[INFORMATION PROVIDED — start]

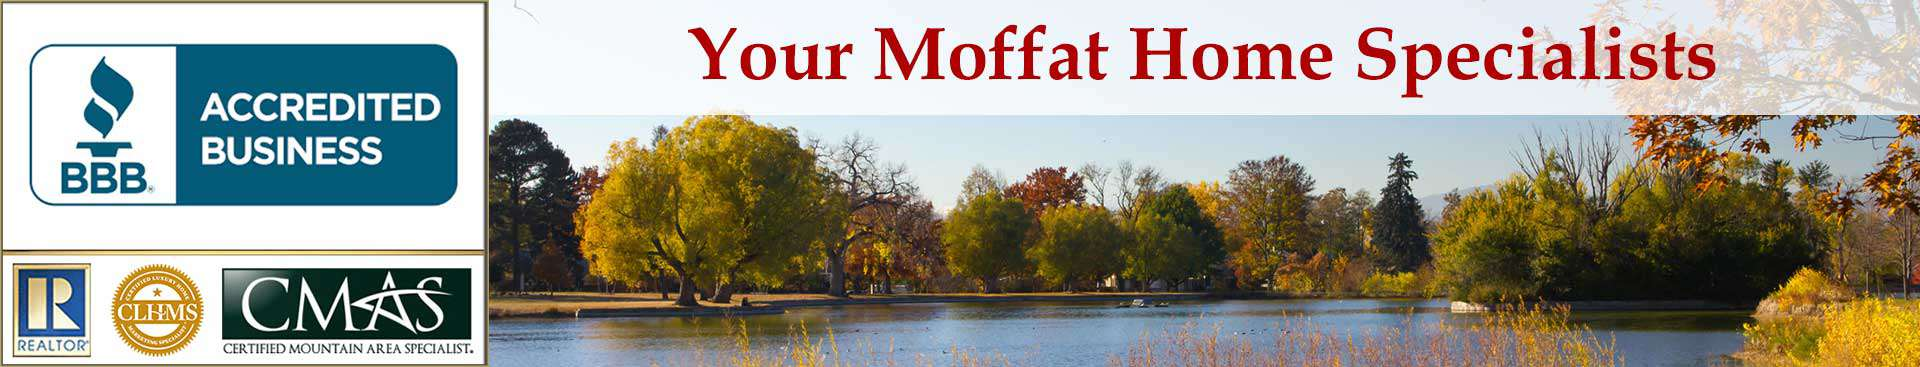 Moffat Accreditations Banner
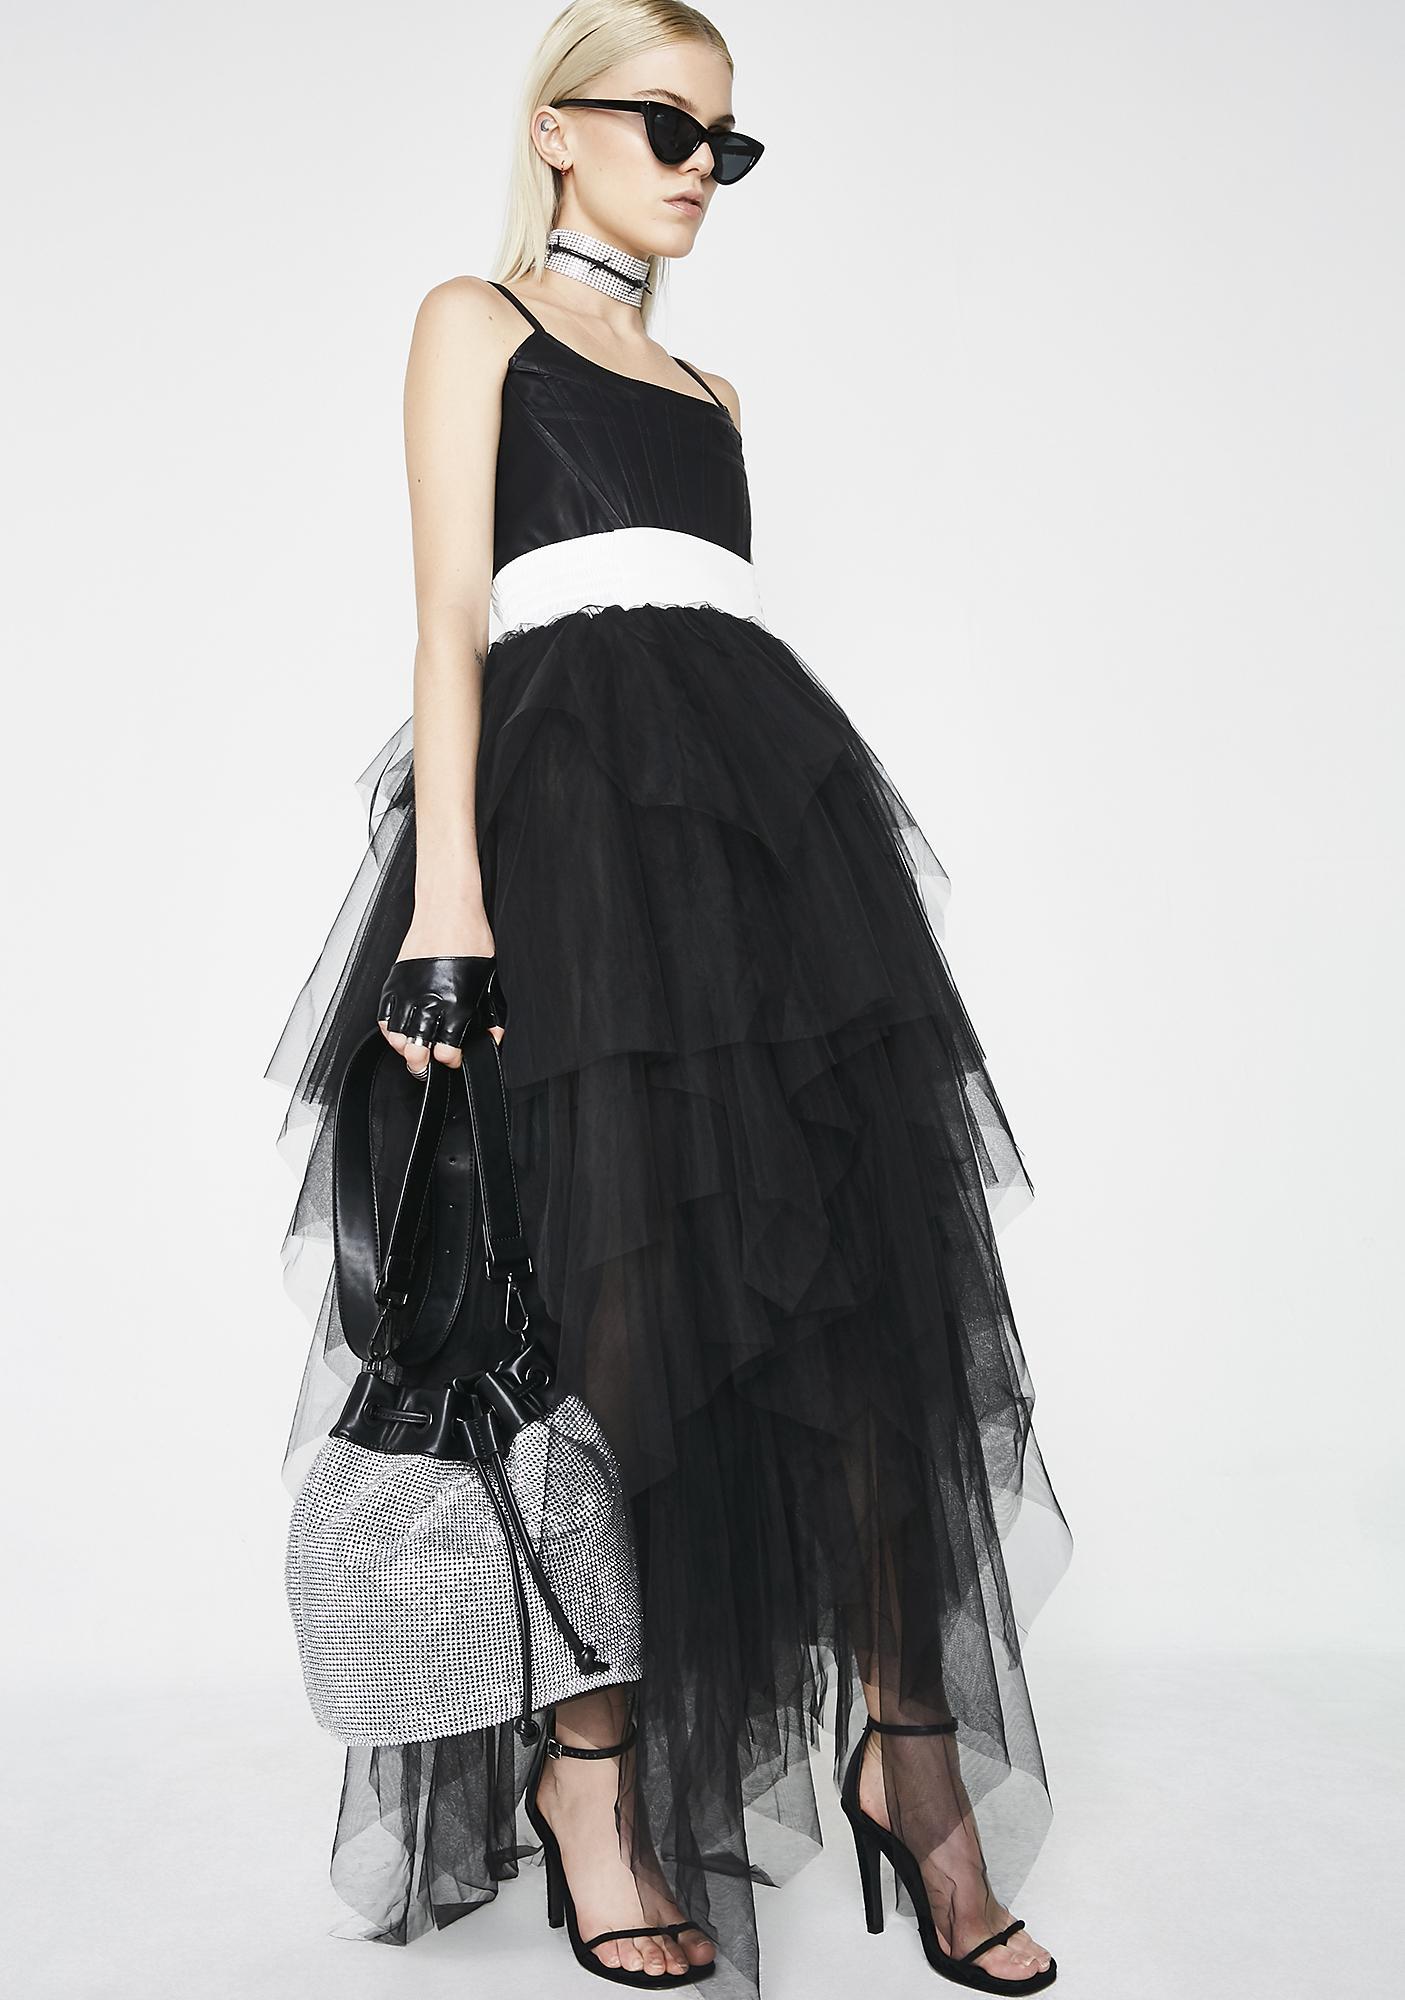 Kiki Riki Dark Fantasies Layered Skirt
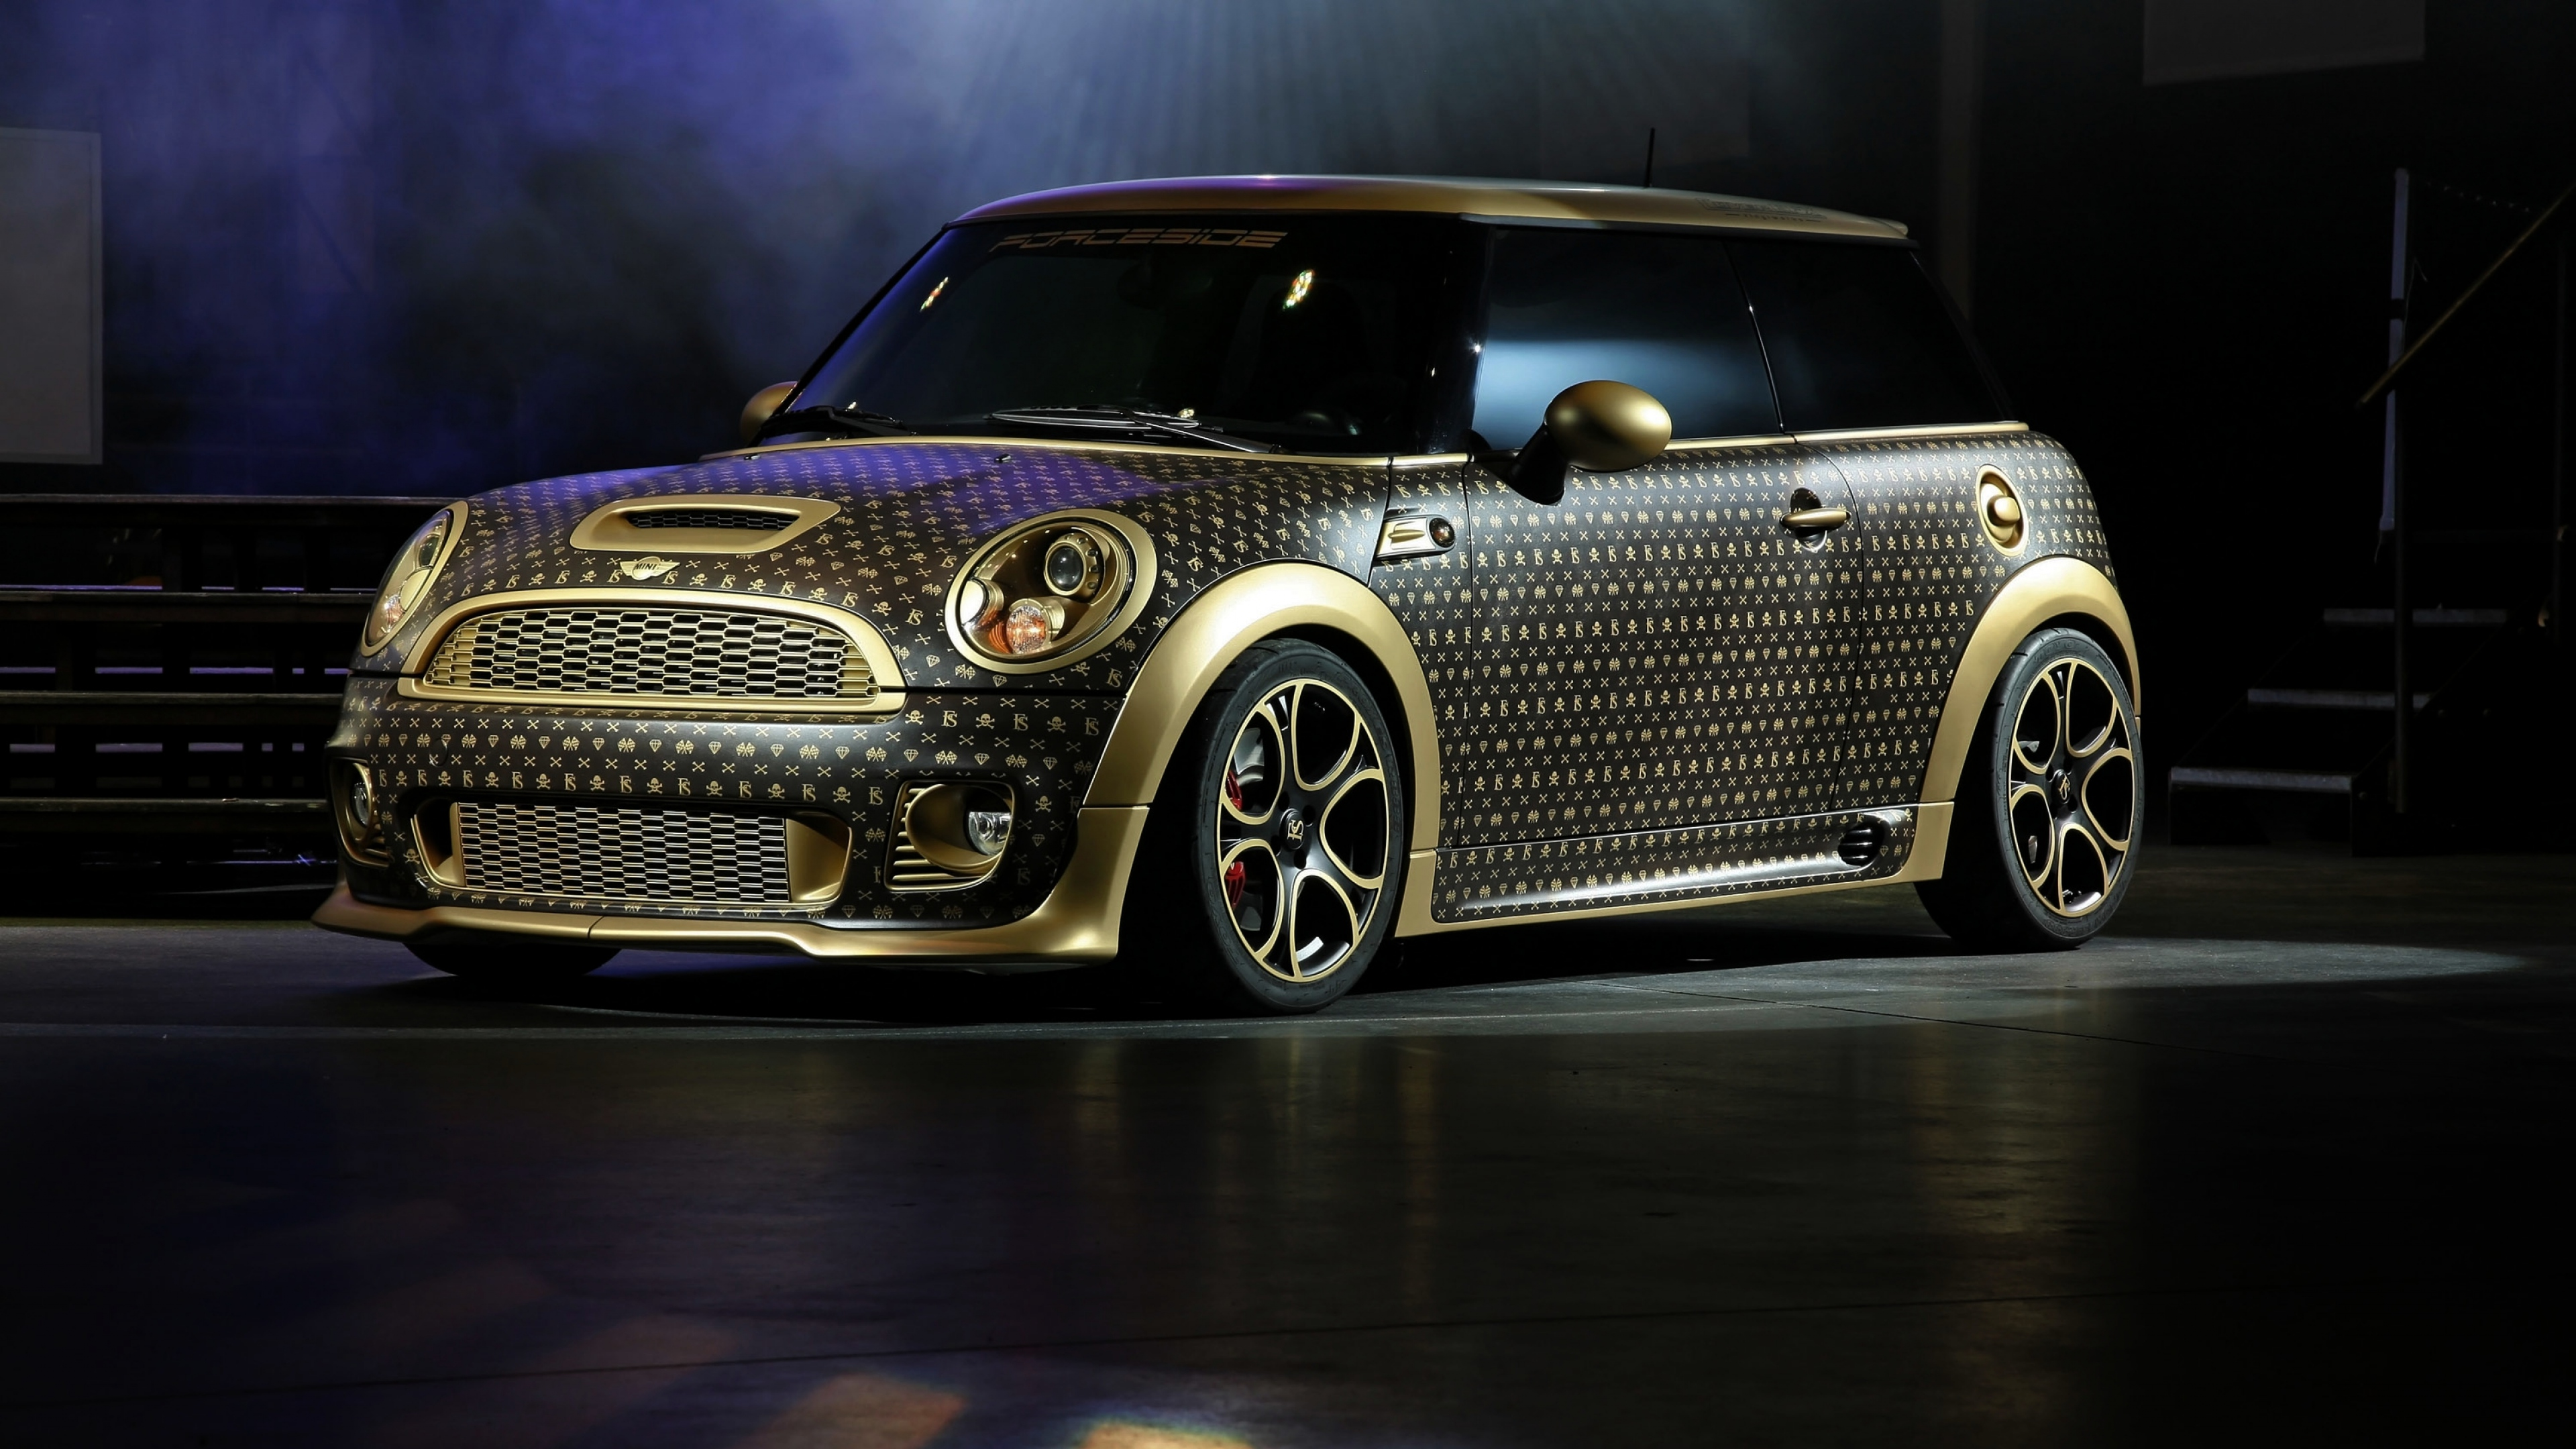 Mini cooper mini custom hd cars 4k wallpapers images backgrounds mini cooper mini custom voltagebd Images

[INFORMATION PROVIDED — finish]

**REQUIREMENT:** Any picture in the listing above gets left out; output the rest exactly.

**WRITTEN SOLUTION:**
 Moffat Accreditations Banner
 Kiki Riki Dark Fantasies Layered Skirt
 Mini cooper mini custom hd cars 4k wallpapers images backgrounds mini cooper mini custom voltagebd Images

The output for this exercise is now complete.